Copying rule for the data below: pictures stay out, and only the lines from the one with "1354-arbutus-street-kitsilano-vancouver-west-02-1 at 1354" down to the one with "Porsche 911 mit", inclusive, are repeated exactly.

[Records]

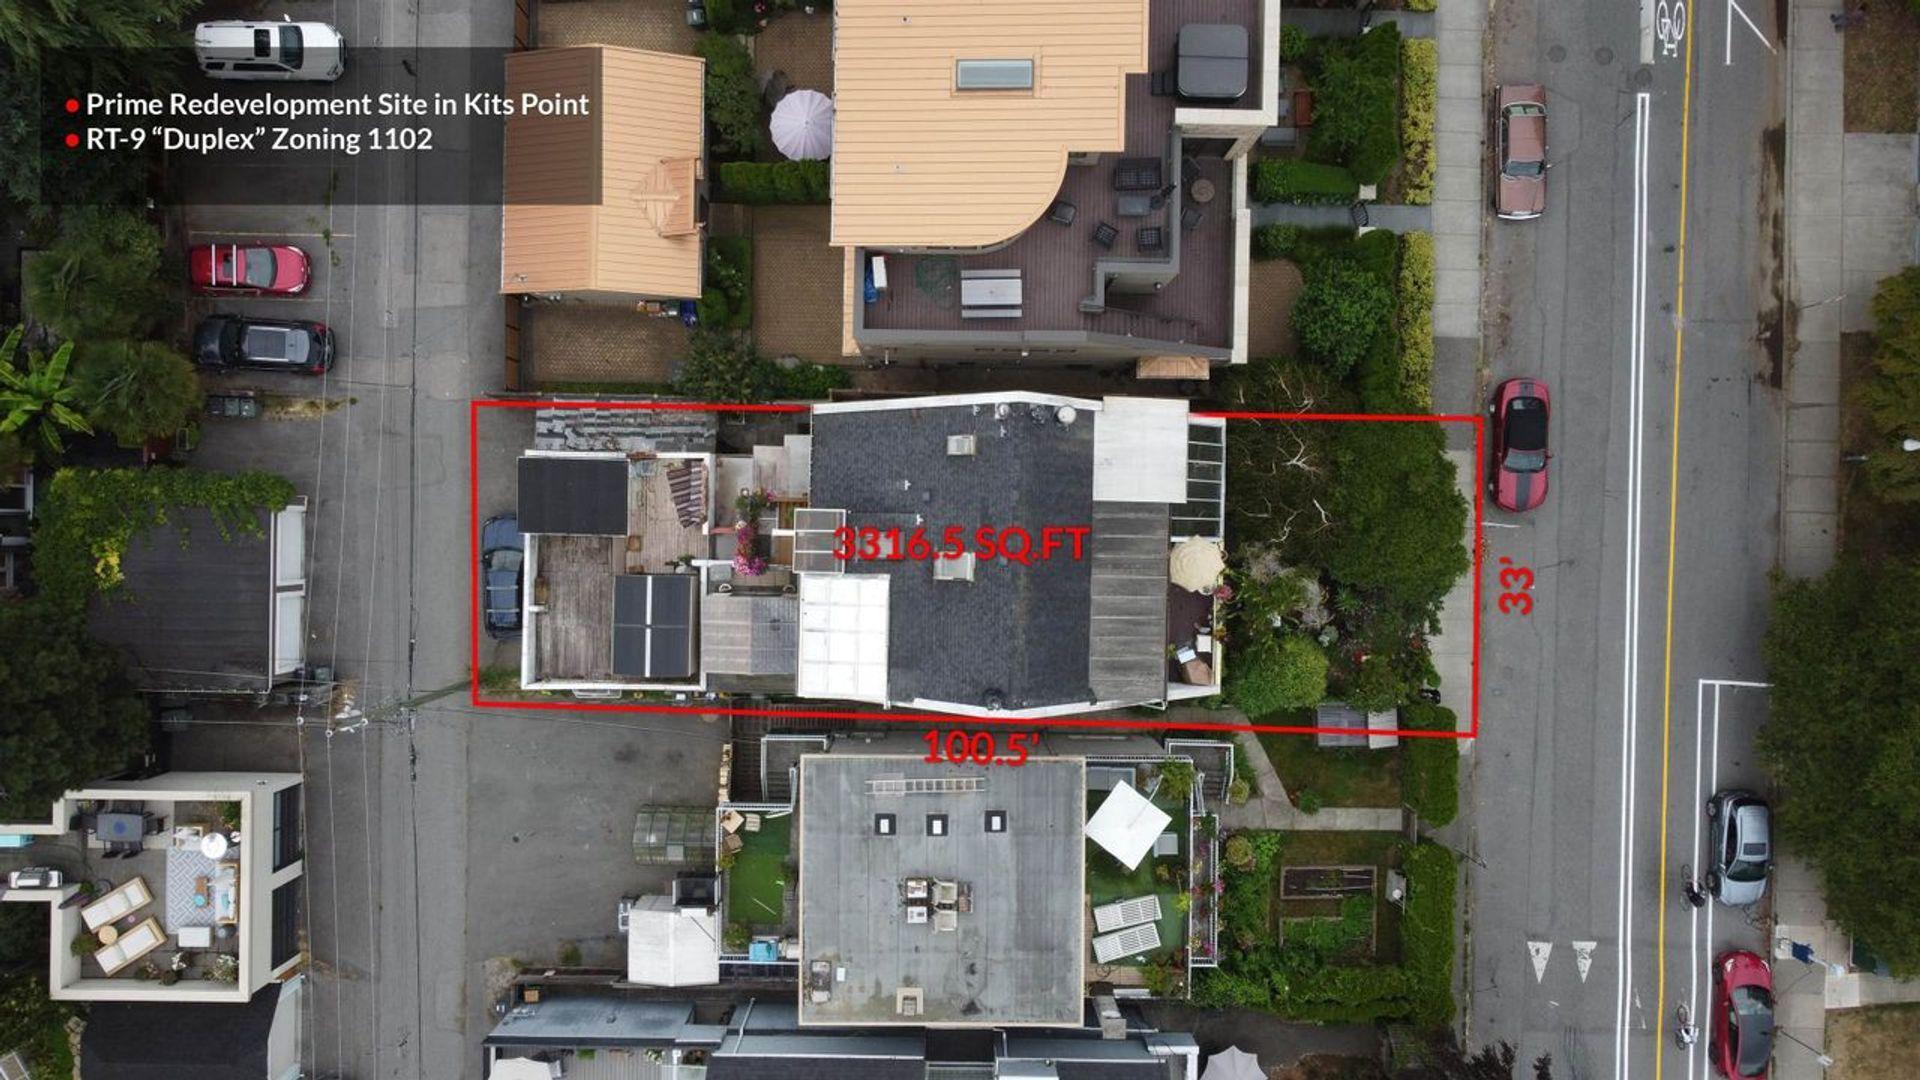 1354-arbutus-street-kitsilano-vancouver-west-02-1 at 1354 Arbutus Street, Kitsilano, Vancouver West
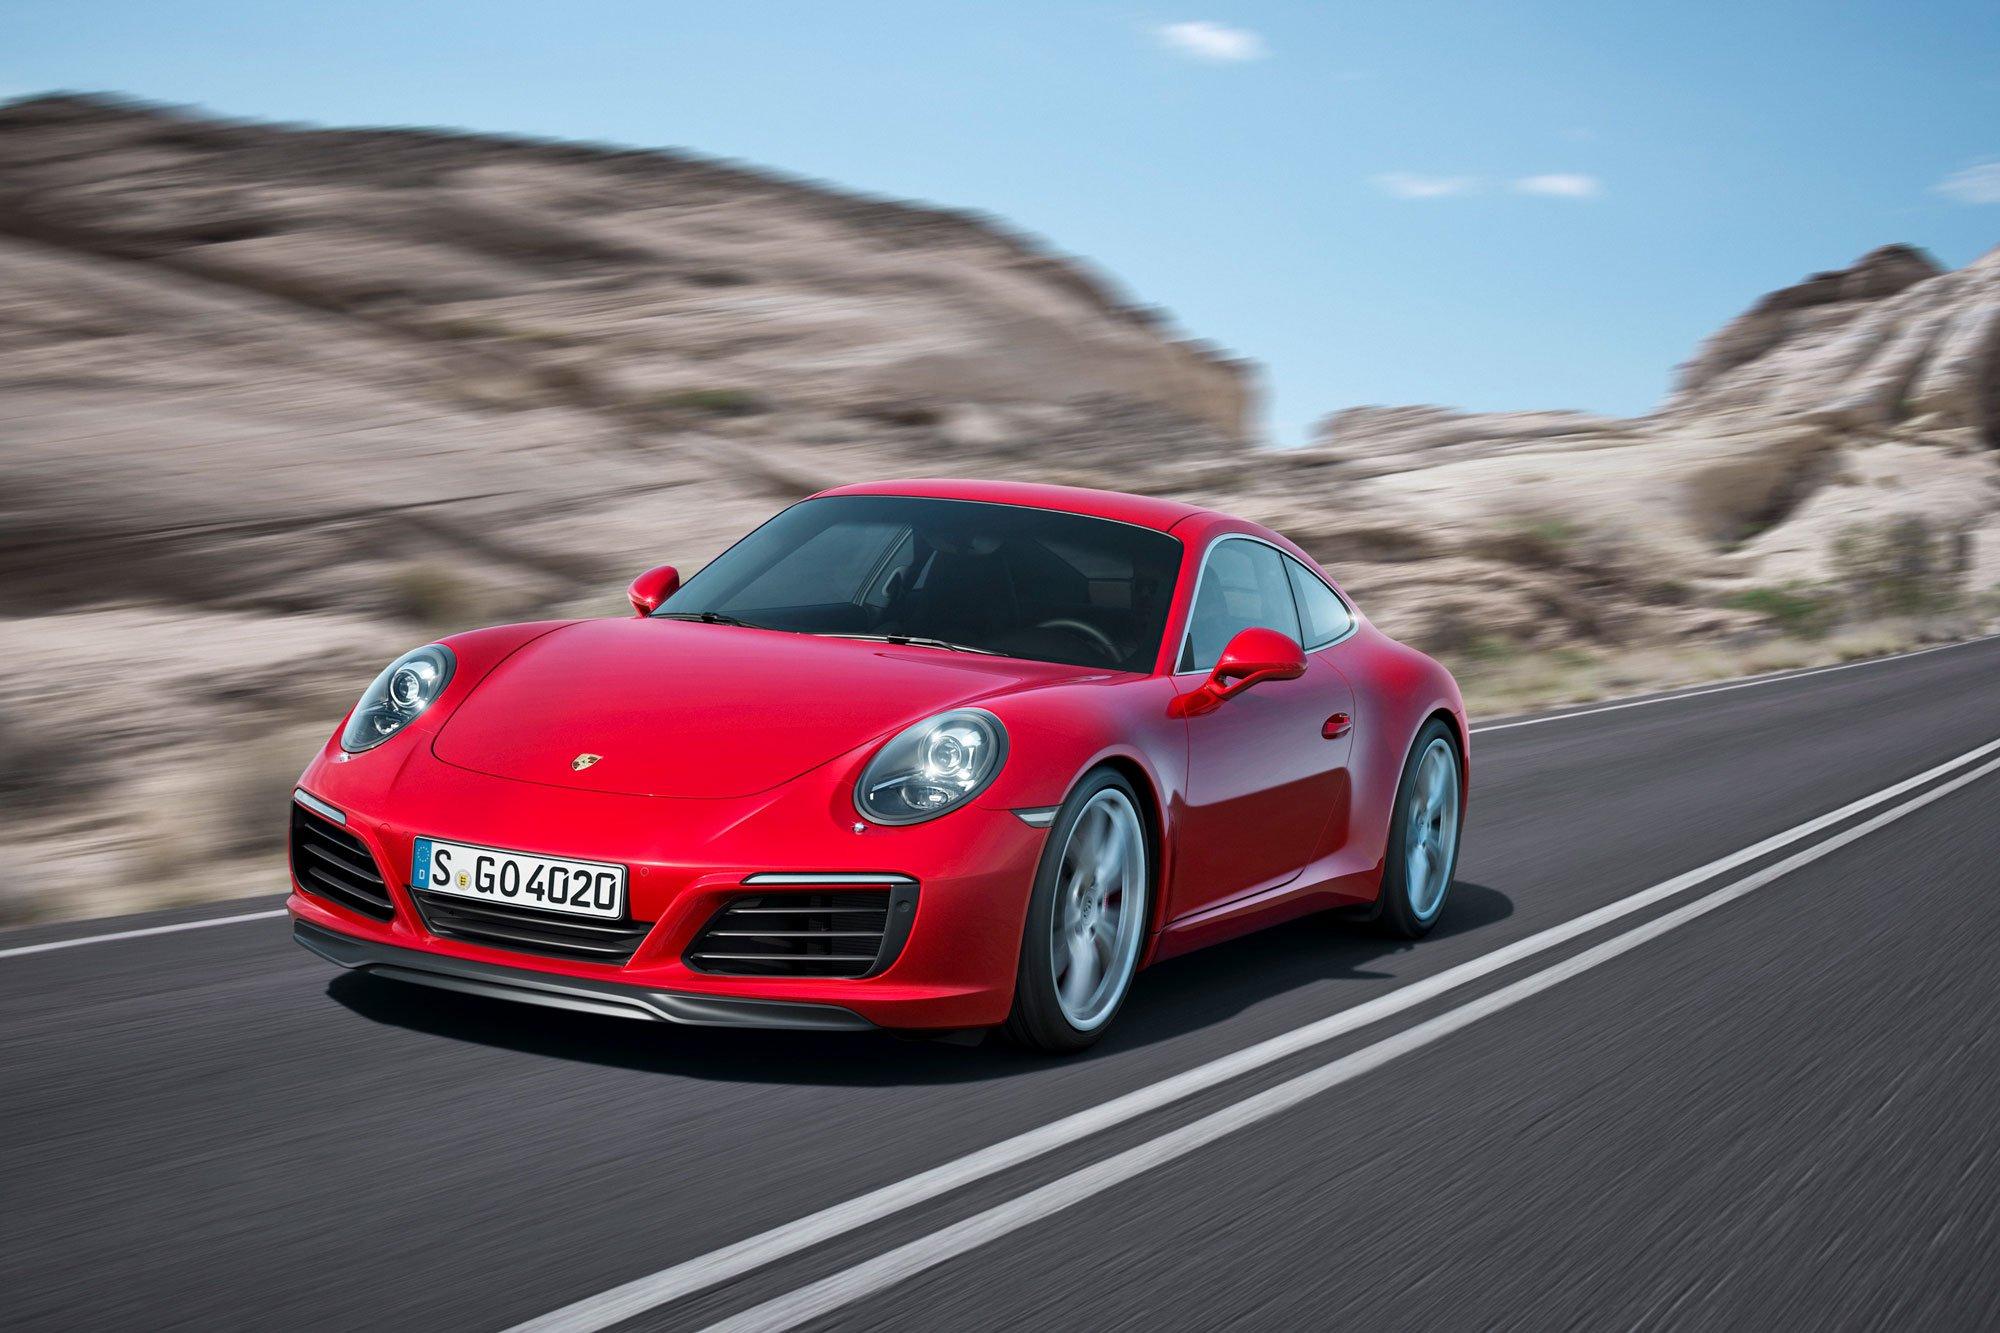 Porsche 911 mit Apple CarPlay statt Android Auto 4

[/Records]
[Records]

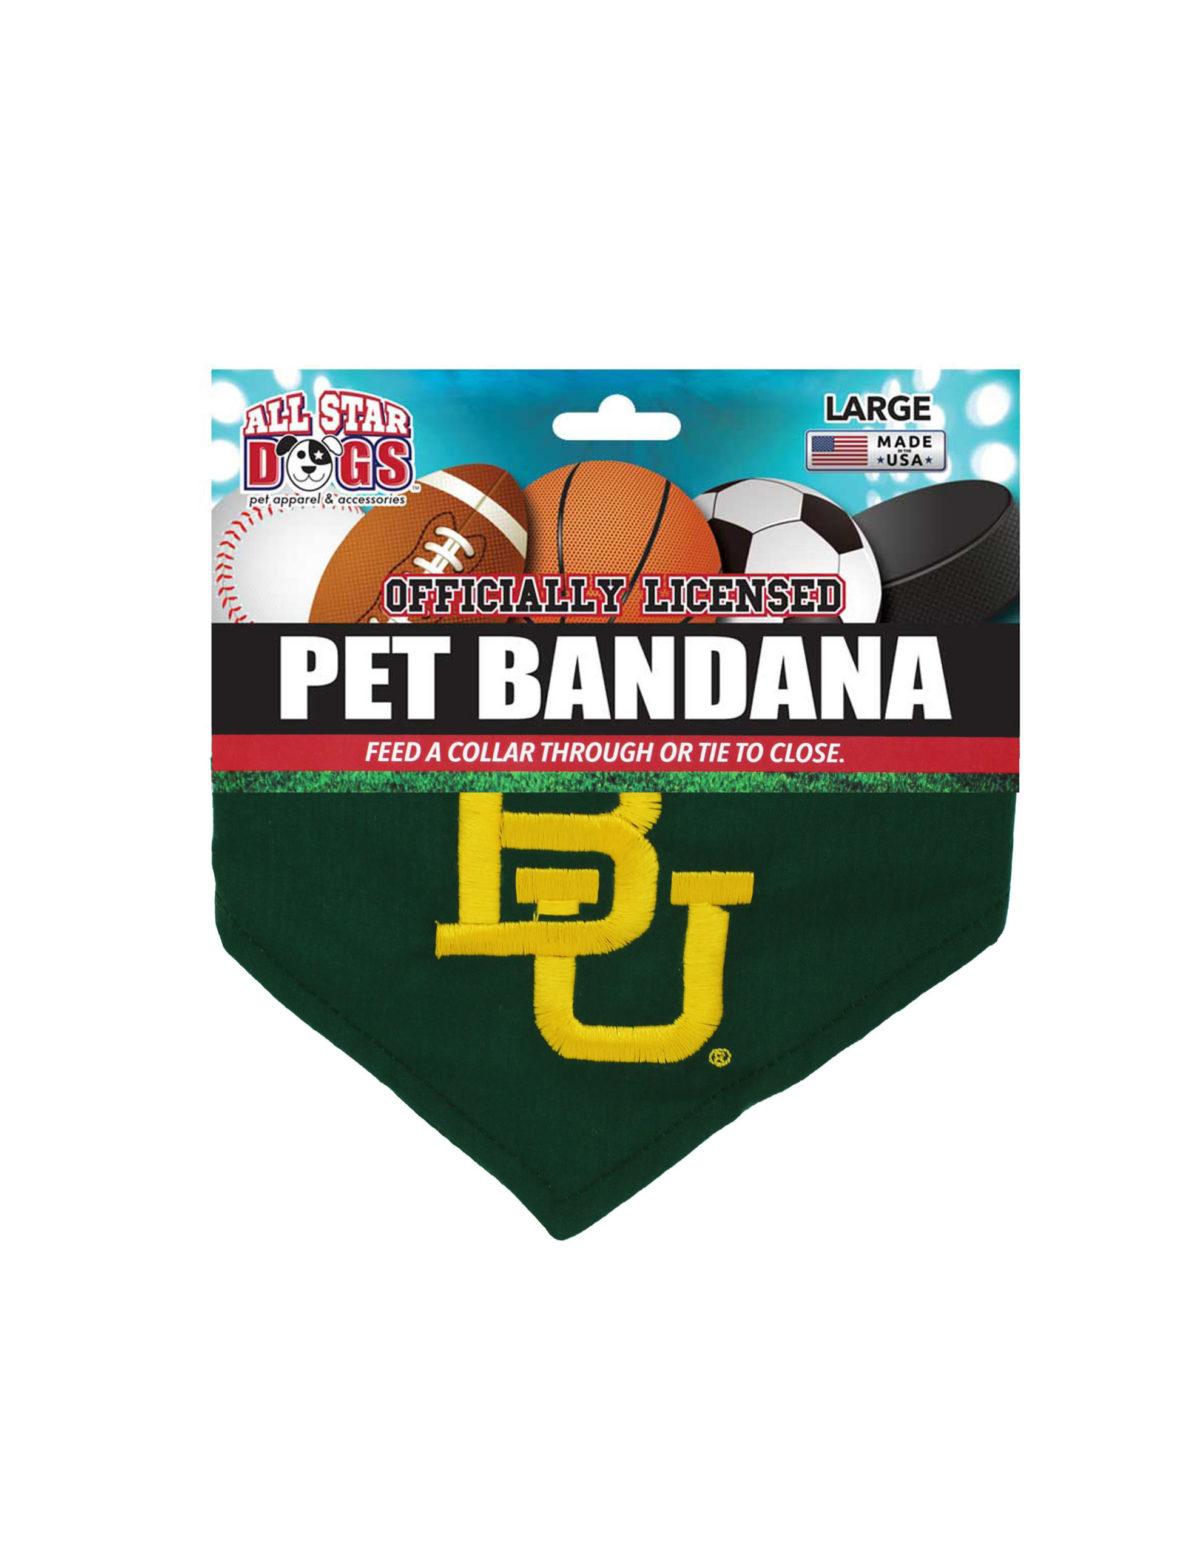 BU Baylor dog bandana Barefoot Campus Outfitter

[/Records]

▶ _Answer space_
 1354-arbutus-street-kitsilano-vancouver-west-02-1 at 1354 Arbutus Street, Kitsilano, Vancouver West
 Porsche 911 mit Apple CarPlay statt Android Auto 4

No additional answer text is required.